Nathaniel W. Dean (September 17, 1817 – February 28, 1880) was an American merchant, real estate speculator, and Wisconsin pioneer. He served one term in the Wisconsin State Assembly, representing Madison, Wisconsin, as a Republican.

==Biography==
Dean was born on September 17, 1817, in Raynham, Bristol County, Massachusetts. He received an education there, and taught school during the winters of 1835 and 1836. In 1838, he went west to the Michigan Territory, and settled at Niles, where he operated a successful merchant business. He lost everything in a fire in 1842, however, and moved west across Lake Michigan into the Wisconsin Territory, and went to work as a clerk for his cousin Dr. Weston in the village of Madison.

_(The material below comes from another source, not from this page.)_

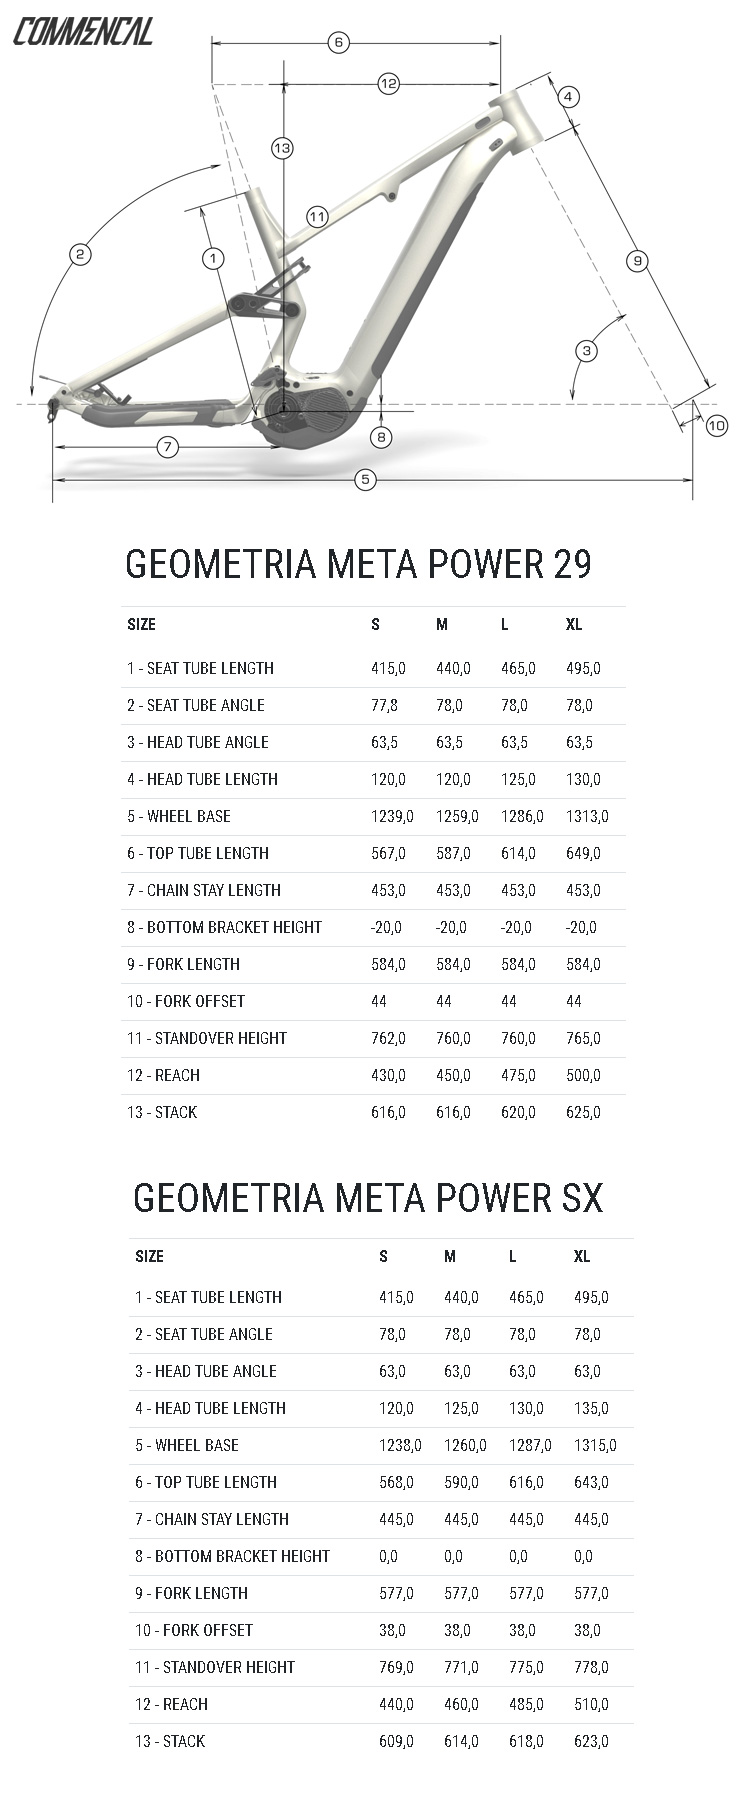 Le tabelle con le misure e le geometrie di modelli di e-MTB della gamma Commencal Meta Power 2021

In 1844, he went into business with his brother, Eliab B. Dean, dealing in dry goods and other groceries. They initially operated out of the building previously owned by the Madison Argus, but later moved to a building known as the "Great Arcade Building" on King Street, east of the Wisconsin State Capitol. In 1849, Eliab began a new partnership with J. D. Ruggles and Nathaniel operated his own store. Nathaniel Dean continued operating as a successful merchant until 1857, when he retired from this role to focus on his other business pursuits and real estate holdings. He continuously added to his real estate holdings throughout his life, with lands across the state of Wisconsin, and extending as far away as Kansas.

He had been a founding shareholder of the Madison Mutual Insurance Company in 1851, and was elected to the company's first executive committee that year. In 1854, he was chosen as the company's president, to replace Simeon Mills, and served in that role until 1861. He was also a founding member of several other Madison institutions of his era, including the first Madison Fire Department, the Madison Institute—an early library and reading room for hosting lectures and promoting intellectual improvement in the city—and the Madison Gas Light and Coke company. In his later years, he was also a founding shareholder in the Park Savings Bank in Madison, and served on the board of directors.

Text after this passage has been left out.